■ Brief ■
Start at the line in the entries below that contains "Creative Red Apple", stop at the line that contains "Um extenso jardim", and output exactly the lines in that span, both ends included.

■ Data in this exercise ■

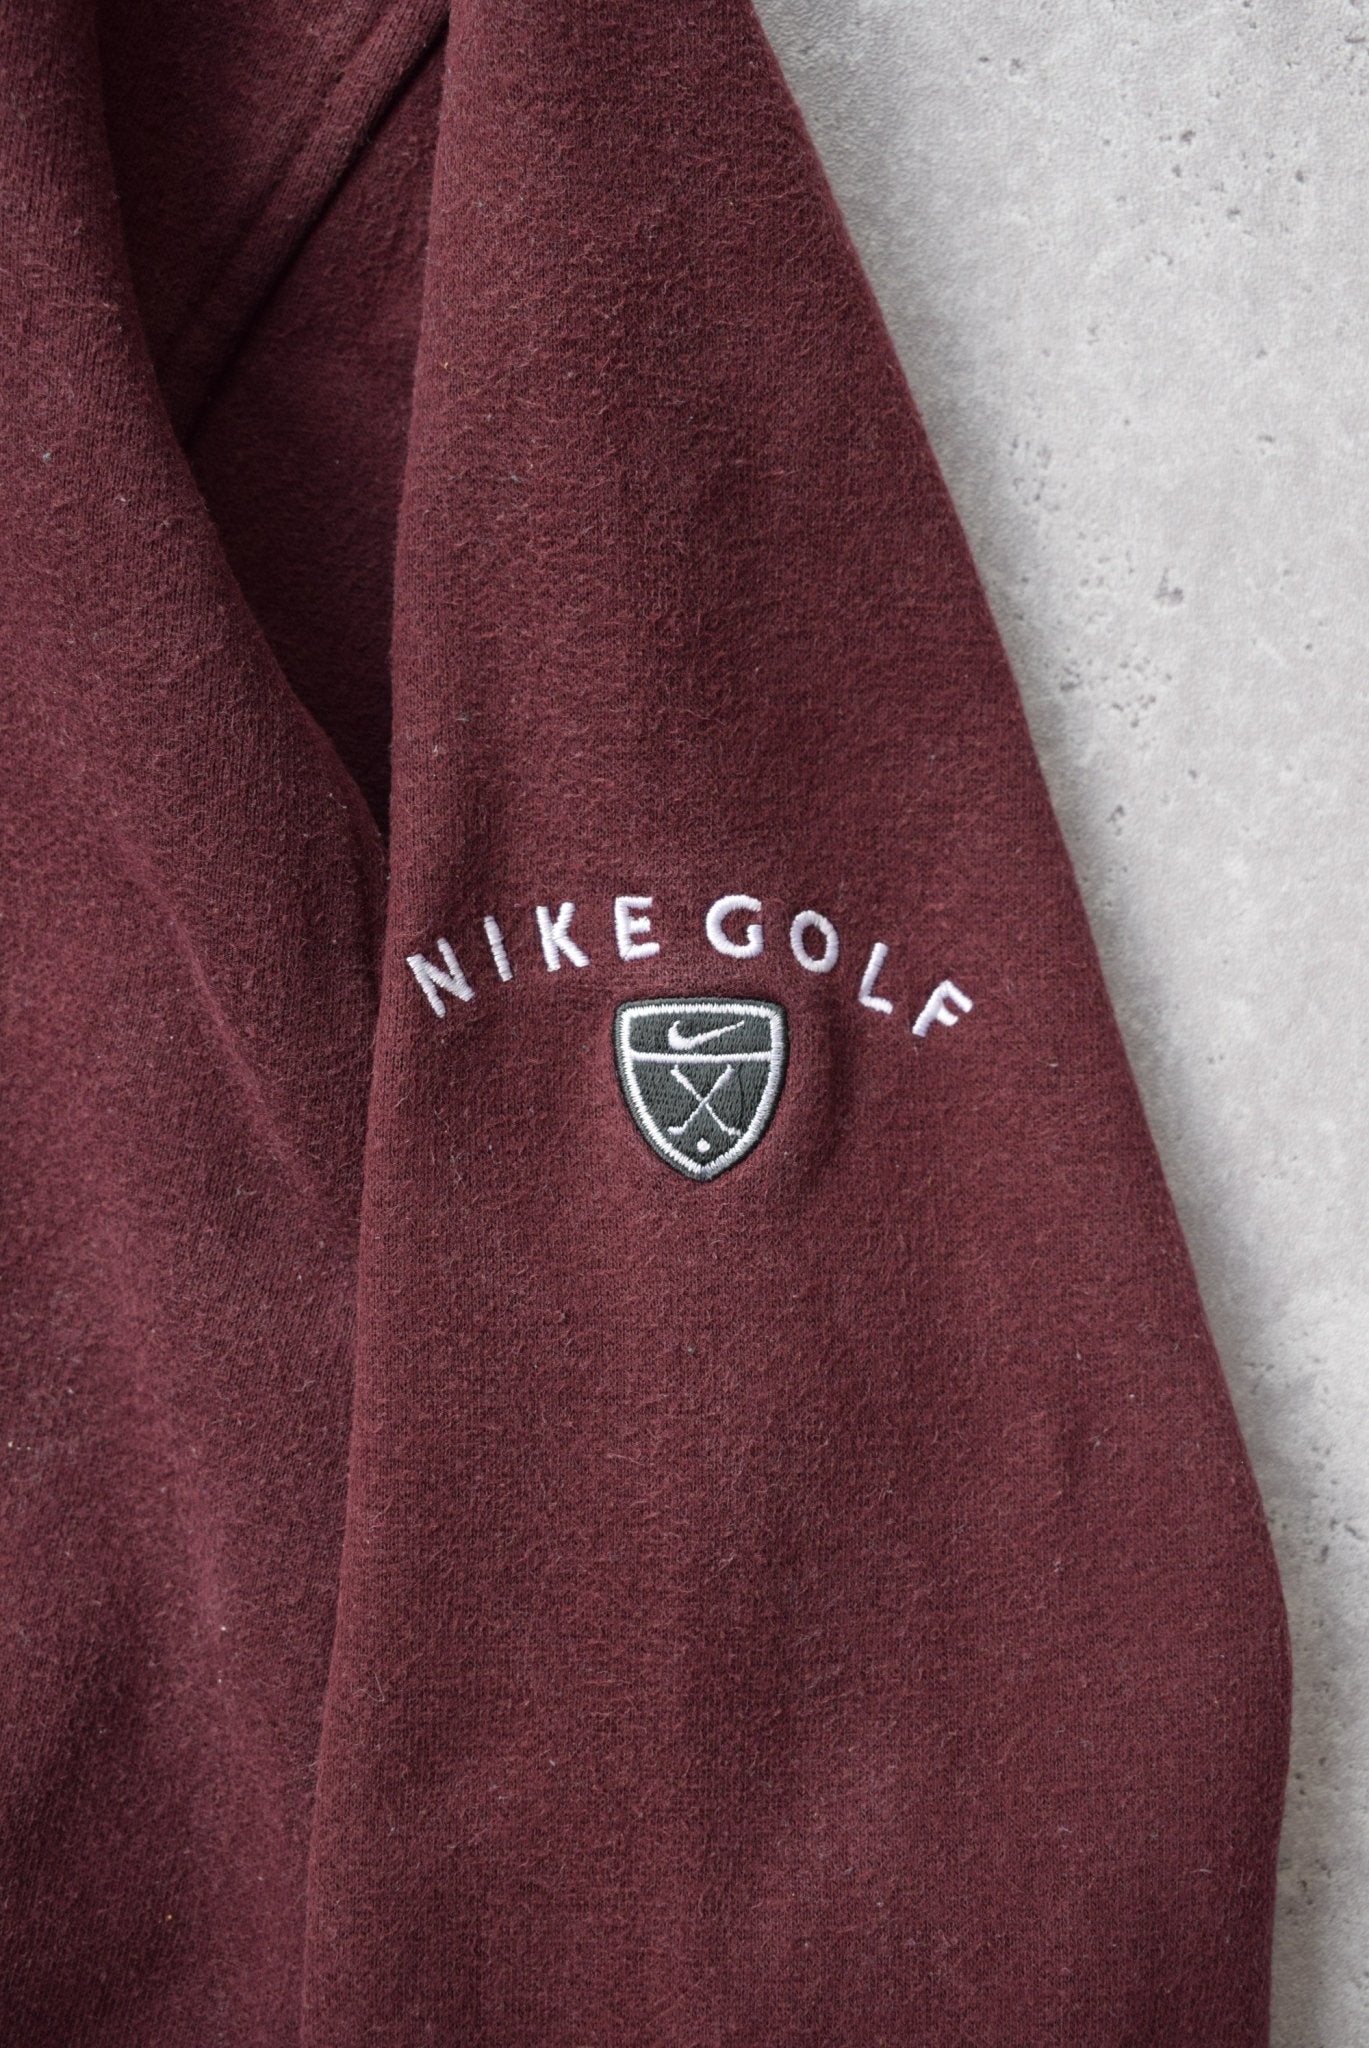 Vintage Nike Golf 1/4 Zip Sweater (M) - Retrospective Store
==
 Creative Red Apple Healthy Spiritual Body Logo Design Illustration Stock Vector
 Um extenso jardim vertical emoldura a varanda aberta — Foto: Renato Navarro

■ Reply ■
 Creative Red Apple Healthy Spiritual Body Logo Design Illustration Stock Vector
 Um extenso jardim vertical emoldura a varanda aberta — Foto: Renato Navarro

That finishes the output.